◆ **BRIEF**: From the line containing "Leo Messi disputa" to the last line of the data below, copy everything exactly and nothing else; pictures stay out.

◆ **PROVIDED DATA**:
>>>>>

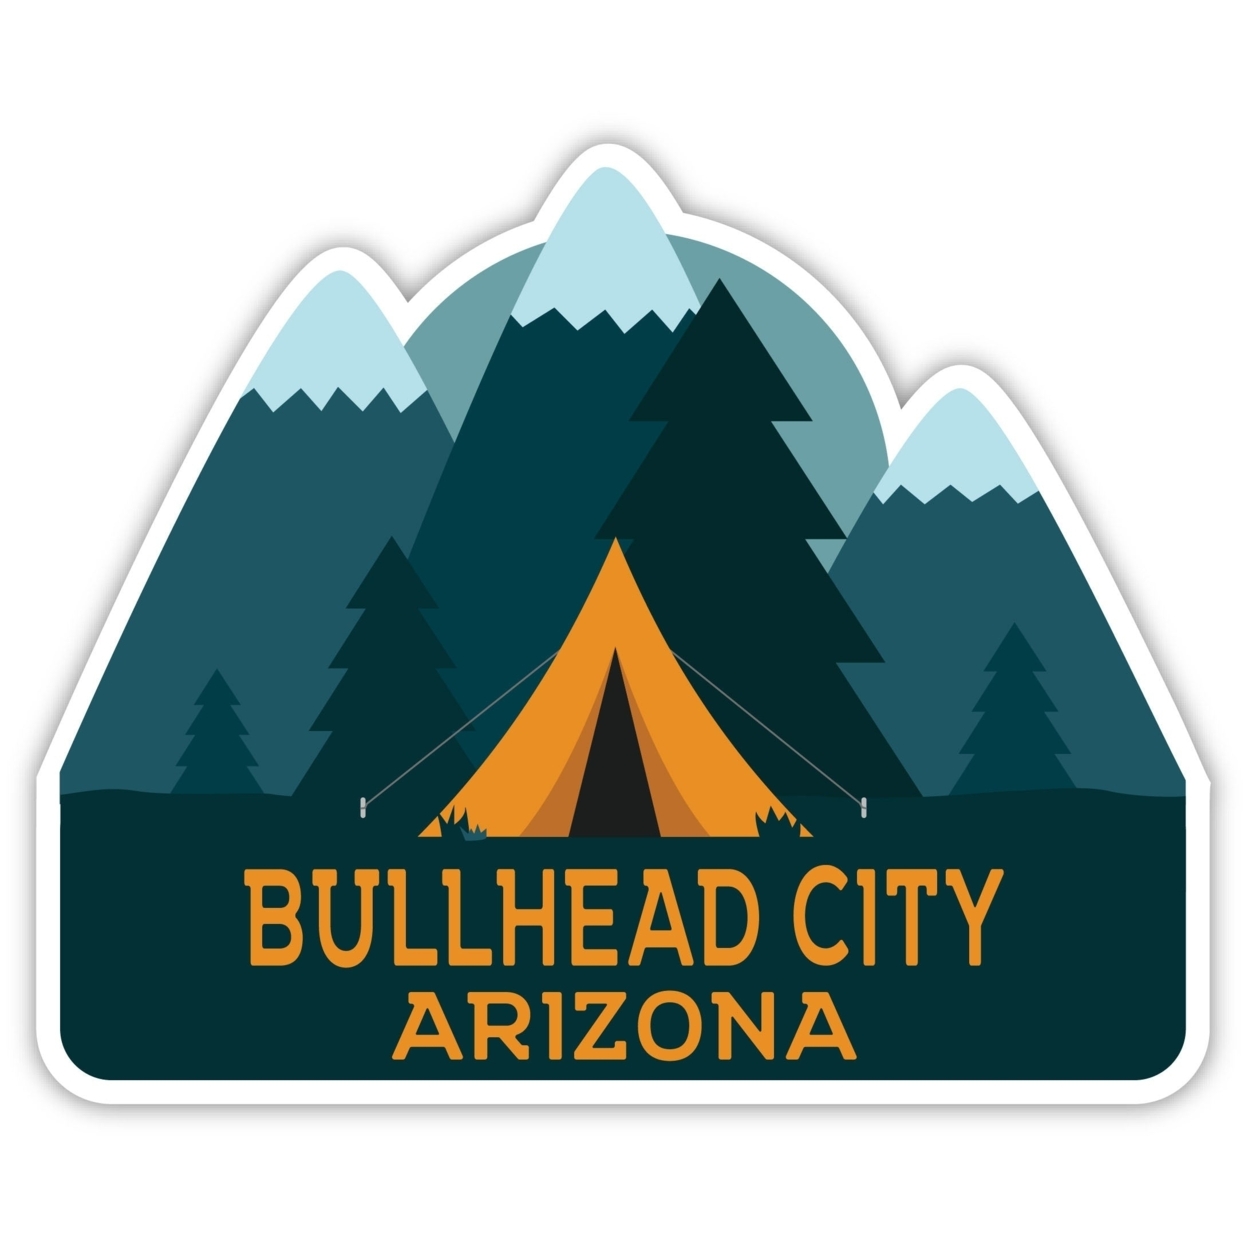 Bullhead City Arizona Souvenir Decorative Stickers (Choose Theme And Size) - Single Unit, 8-Inch, Camp Life
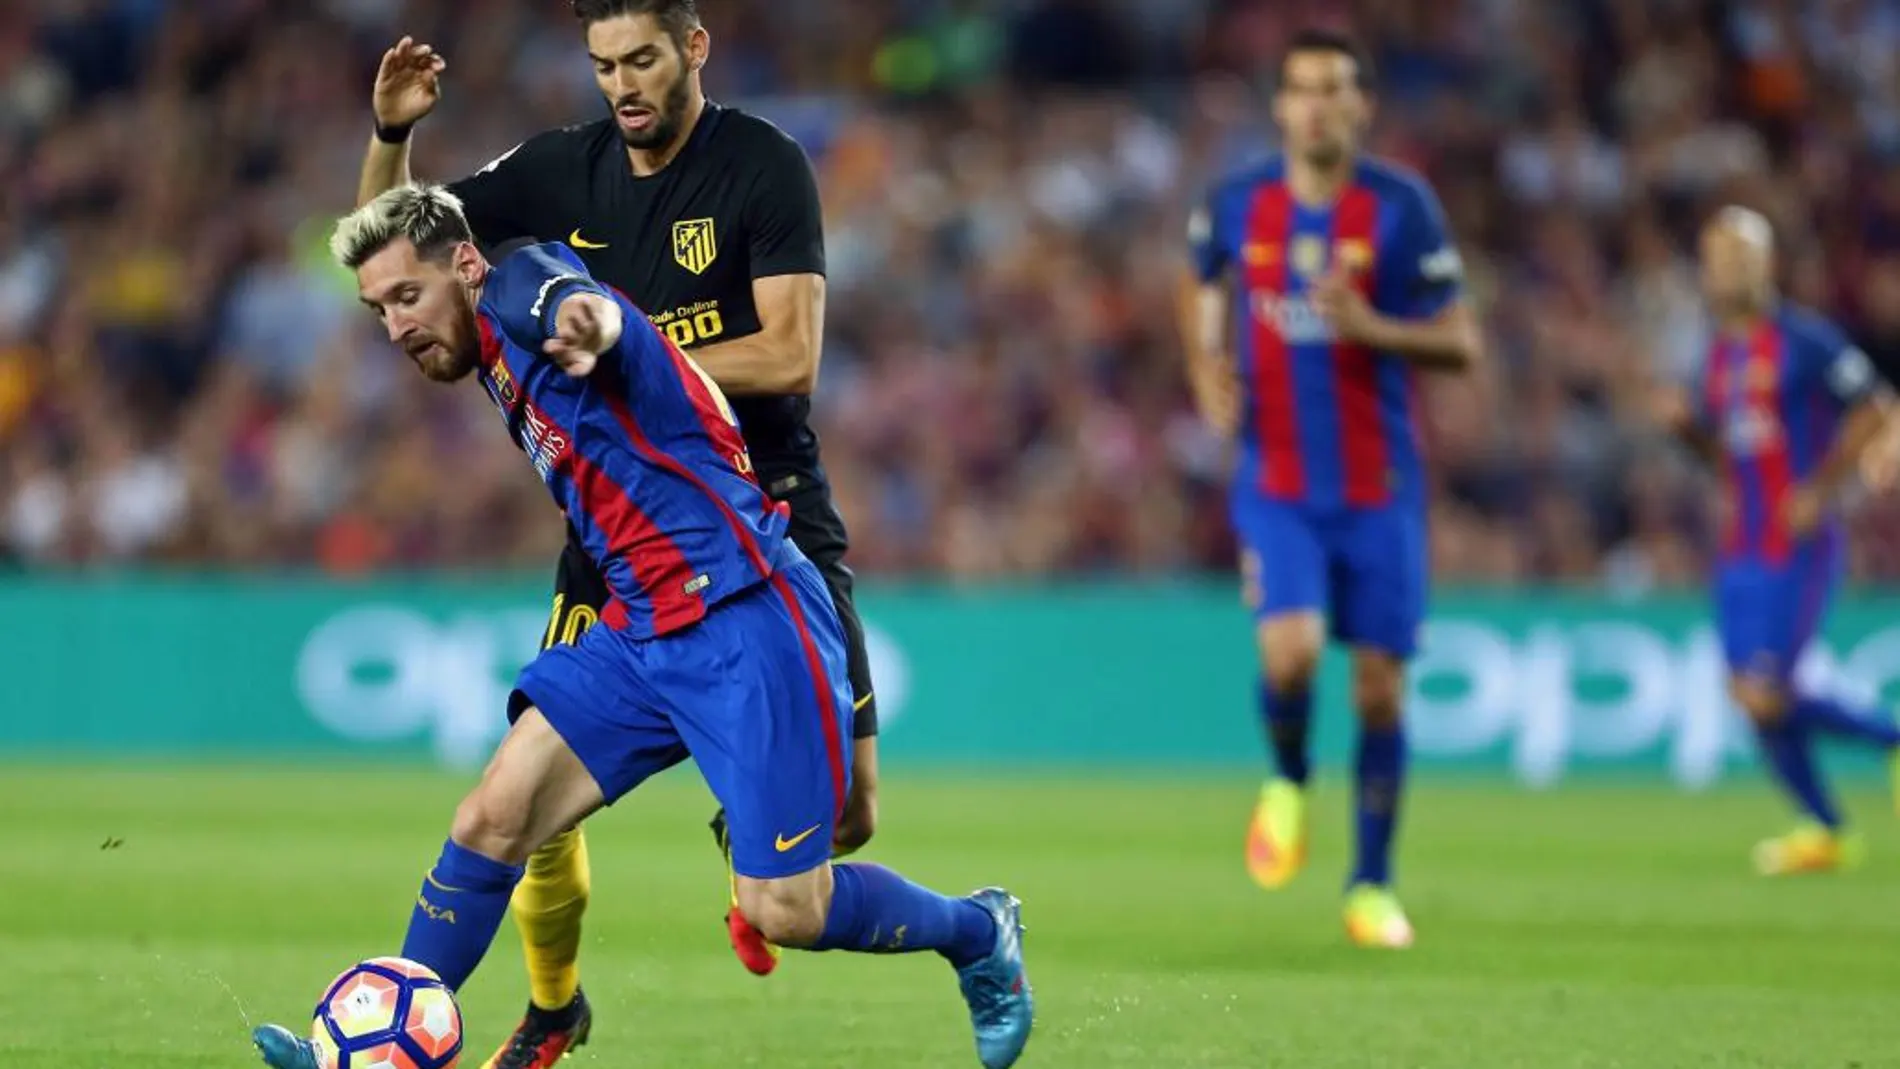 Leo Messi disputa un balón con Yannick Carrasco esta noche en el Camp Nou de Barcelona.
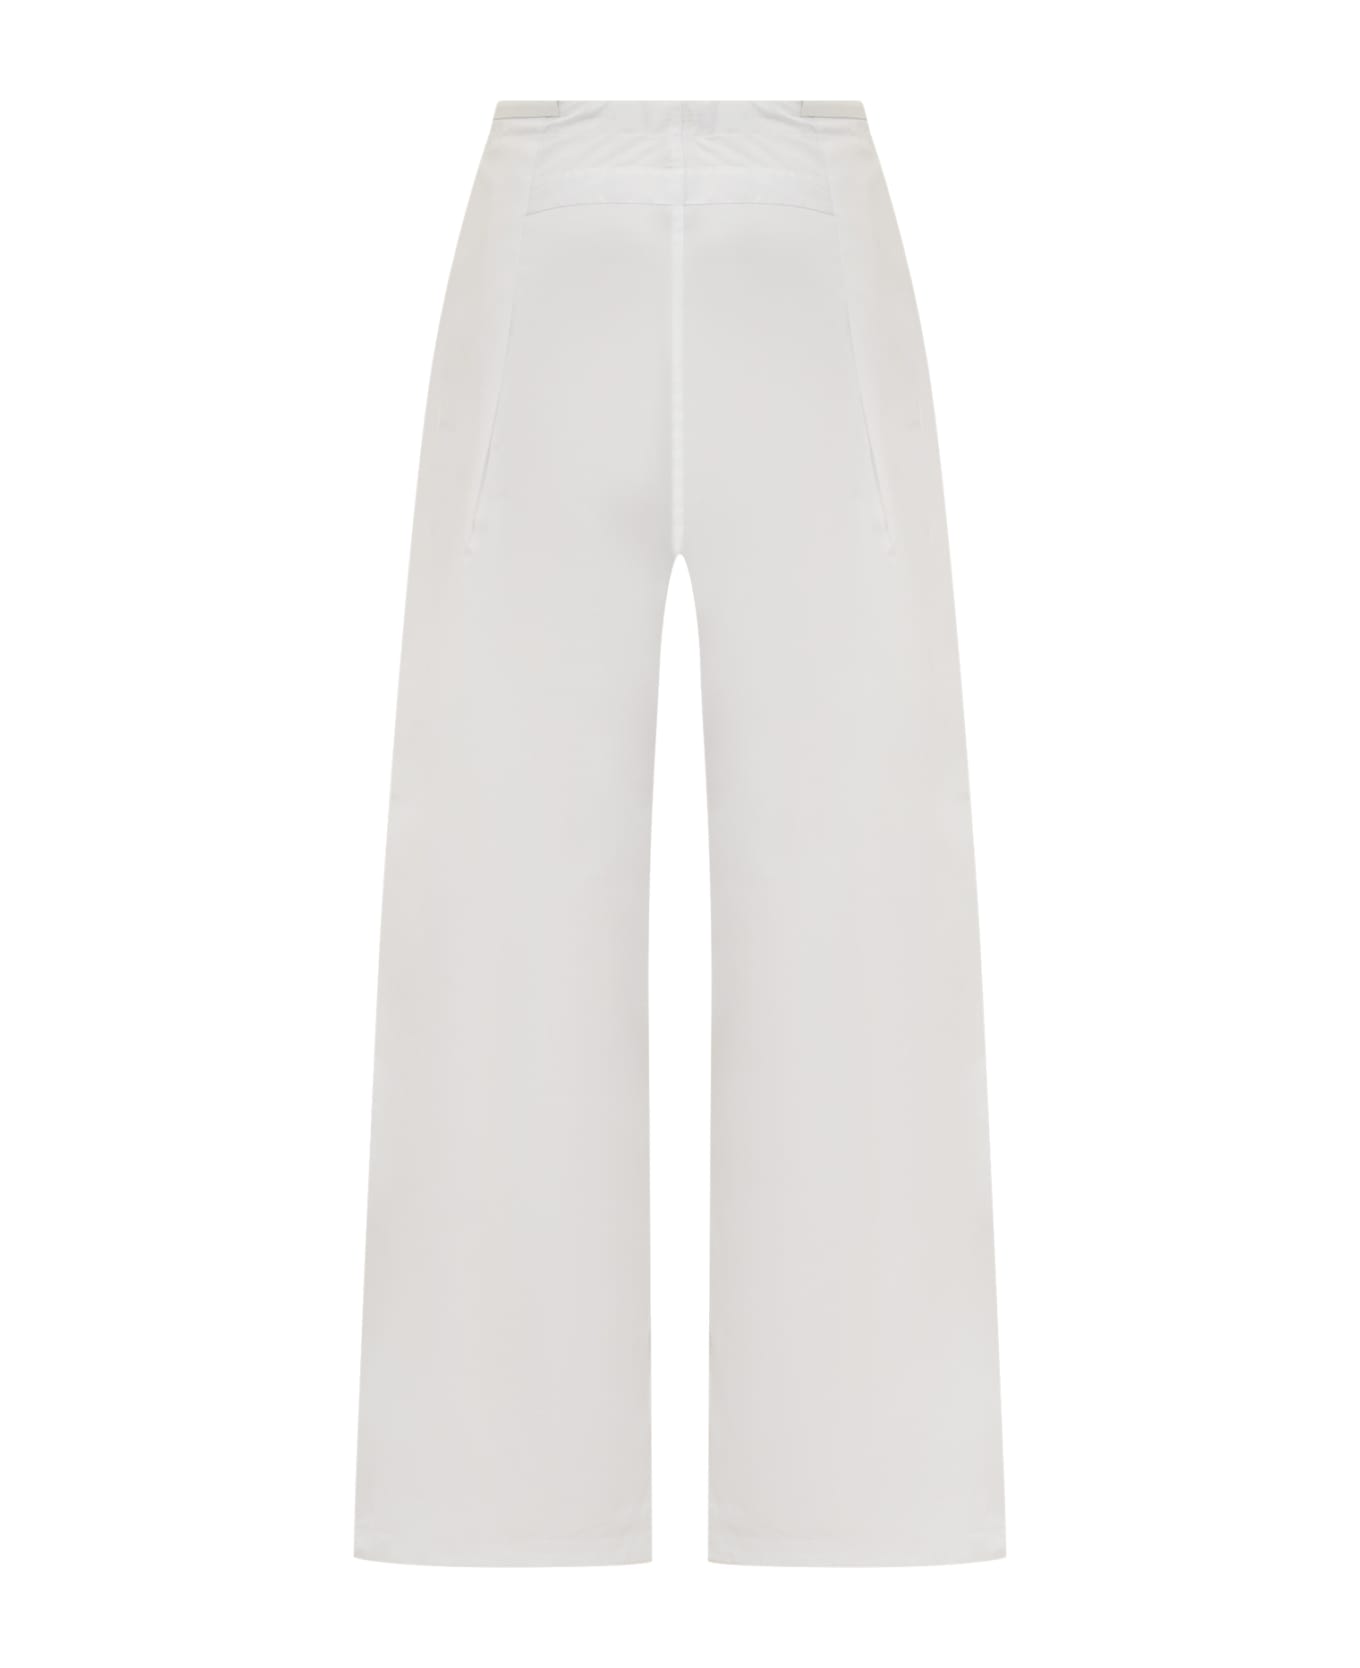 DARKPARK Daisy Milit Trousers - WHITE

<<<<<

◆ **RESPONSE AREA**:
 Leo Messi disputa un balón con Yannick Carrasco esta noche en el Camp Nou de Barcelona.
 DARKPARK Daisy Milit Trousers - WHITE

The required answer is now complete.